VernacularTitle:基于“肠道菌群-肠-心轴”探讨溃疡性结肠炎与心房颤动的共病机制
Author: Meiyu FENG ¹ ; Wenjing ZHANG ² ; Yihang DU ² ; Xuanye DING ¹ ; Yuanhui HU ² ; Haitai YUAN ³
Author Information

1. Shandong First Medical University， Jinan 250117， China
2. Guang'anmen Hospital， China Academy of Chinese Medical Sciences， Beijing 100053， China
3. Shandong Provincial Hospital， Jinan 250021， China
Publication Type:Journal Article
Keywords: gut microbiota; gut microbiota metabolites; atrial fibrillation; ulcerative colitis; fecal microbiota transplantation
From: Chinese Journal of Experimental Traditional Medical Formulae 2026;32(7):276-281
CountryChina
Language:Chinese
Abstract: The gut microbiota is regarded as the "eighth organ" of the human body and plays a critical regulatory role in the occurrence and progression of various diseases. Ulcerative colitis （UC） is a chronic inflammatory bowel disease with a complex etiology and a tendency toward recurrent episodes.
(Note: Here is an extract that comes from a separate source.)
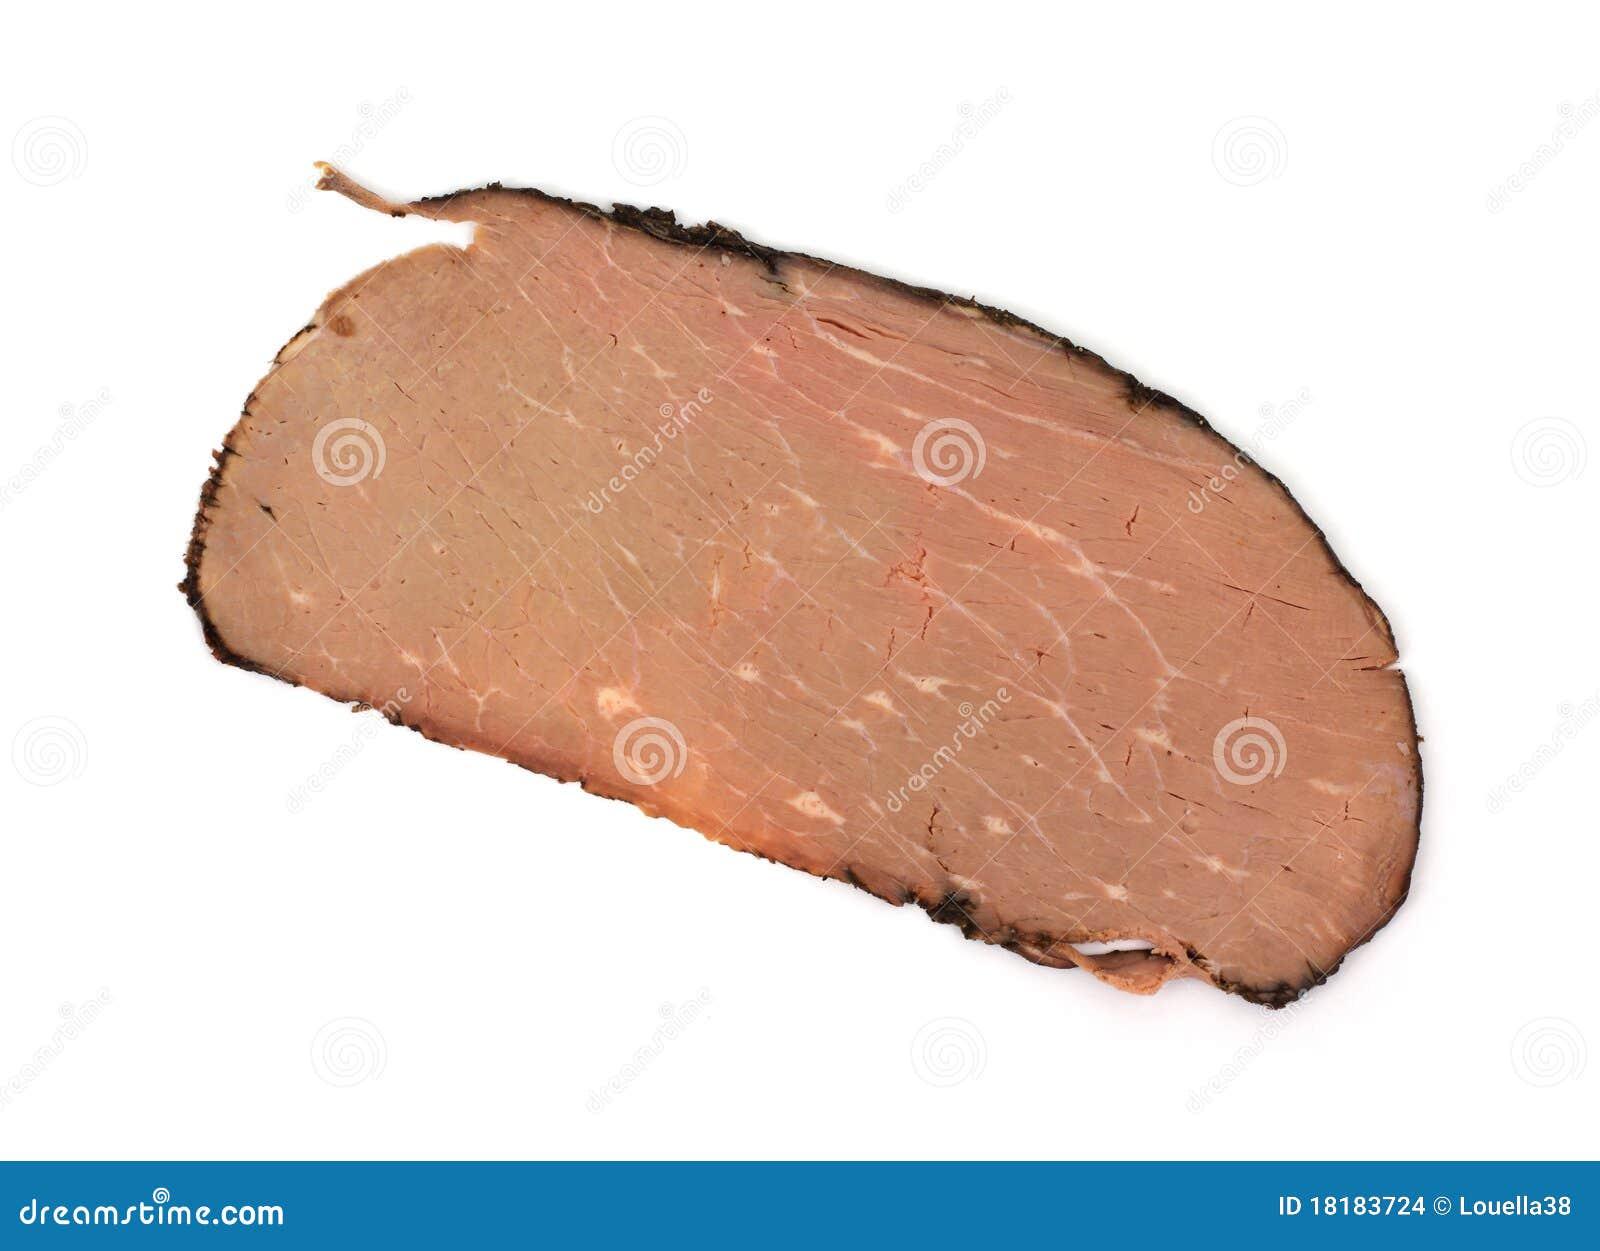 Sliced roast beef package - Single Slice Roast Beef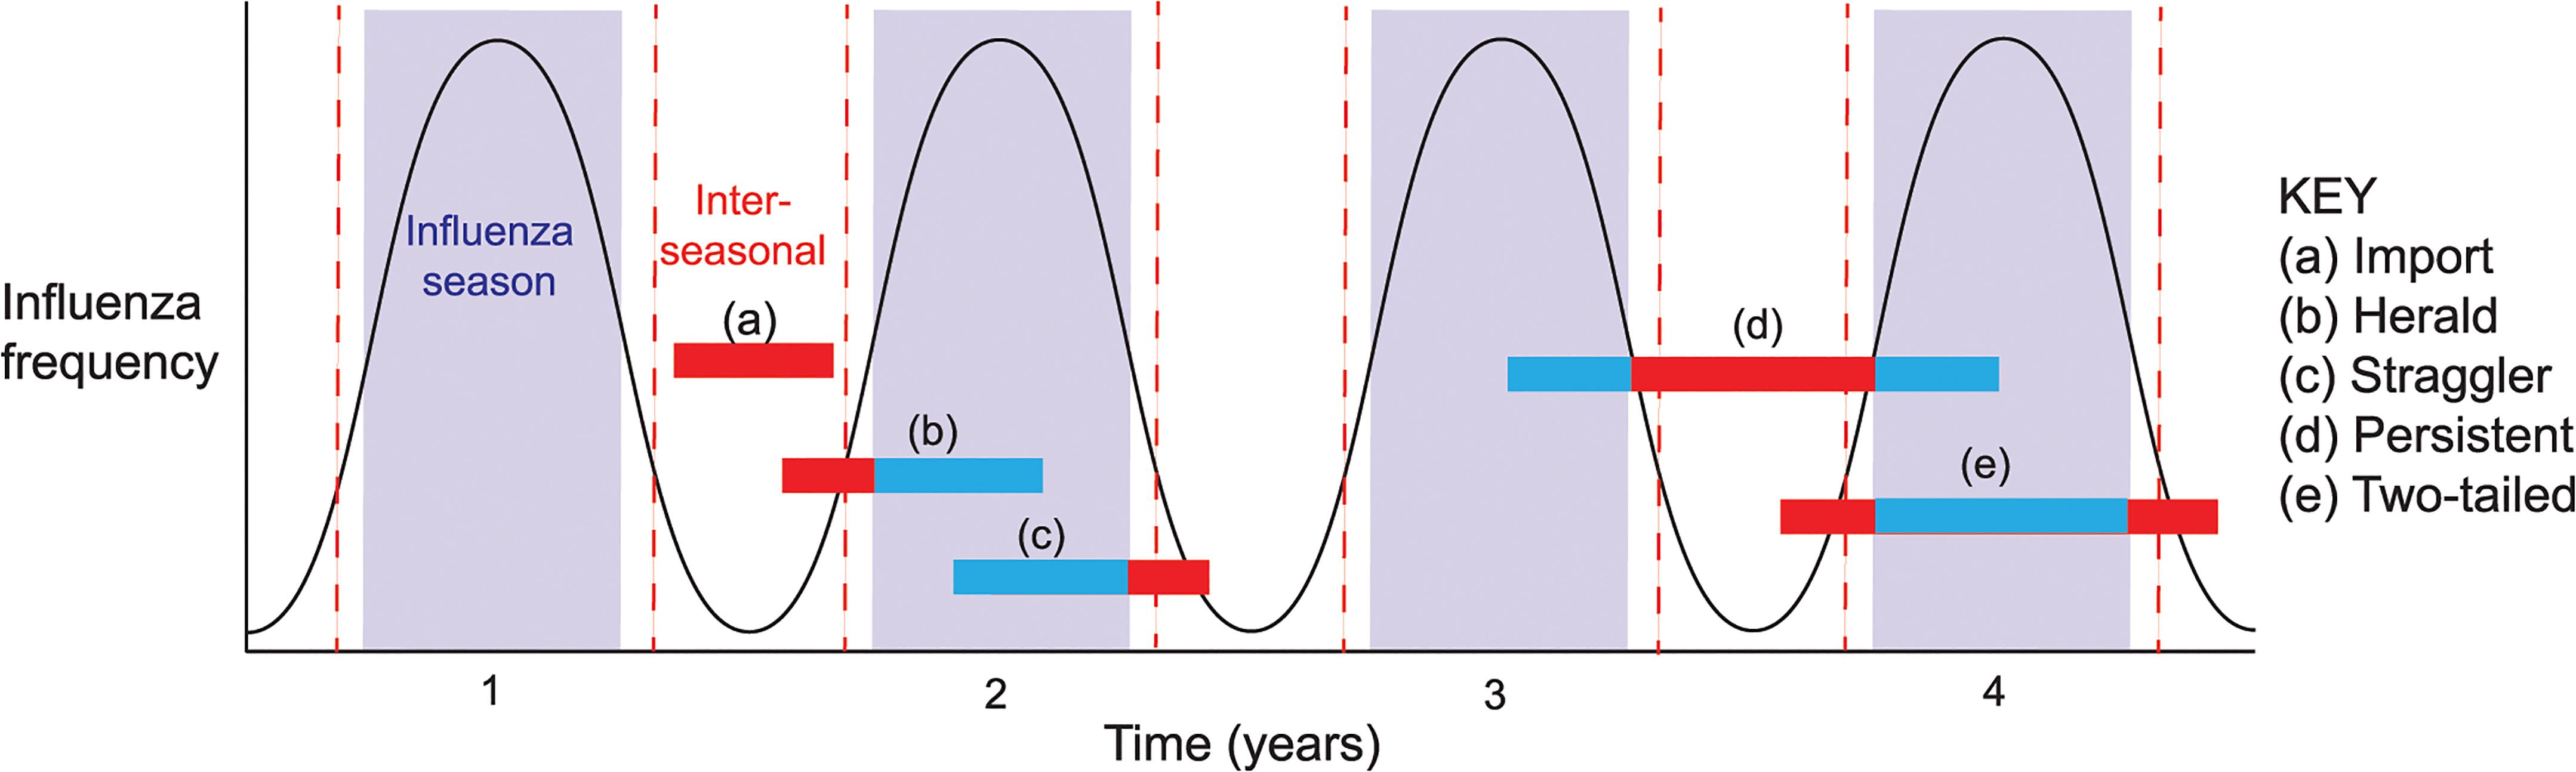 Patterns (event types) of inter-seasonal influenza transmission.

In recent years， studies have shown that gut microbiota dysbiosis plays a key role in its pathological processes. Meanwhile， an increasing number of studies have demonstrated that imbalances in the gut microbiota and abnormalities in its metabolites are closely associated with the development of atrial fibrillation （AF）. Although UC and AF belong to diseases of the digestive system and cardiovascular system， respectively， both exhibit systemic inflammatory characteristics and are often accompanied by gut microbiota dysregulation and abnormal metabolic products. However， systematic investigations into the mechanisms by which gut microbiota-derived metabolites act in these two diseases remain limited. Based on this， the present study adopts literature review and theoretical analysis methods， taking the "gut microbiota-gut-heart" axis as the entry point， to systematically summarize the signaling networks of three key classes of metabolites， i.e.， short-chain fatty acids （SCFAs）， bile acids （BAs）， and trimethylamine N-oxide （TMAO）， in the comorbidity mechanism of UC and AF. The findings indicate that these metabolites may activate key inflammatory pathways， such as NF-κB and NLRP3， thereby synergistically mediating intestinal barrier dysfunction and systemic inflammation and constructing a potential comorbidity network. On this basis， potential intervention strategies for the treatment of UC-AF comorbidity， including probiotic intervention and fecal microbiota transplantation， are further discussed. This study aims to provide new theoretical evidence and research perspectives for prevention and treatment strategies of cross-system diseases.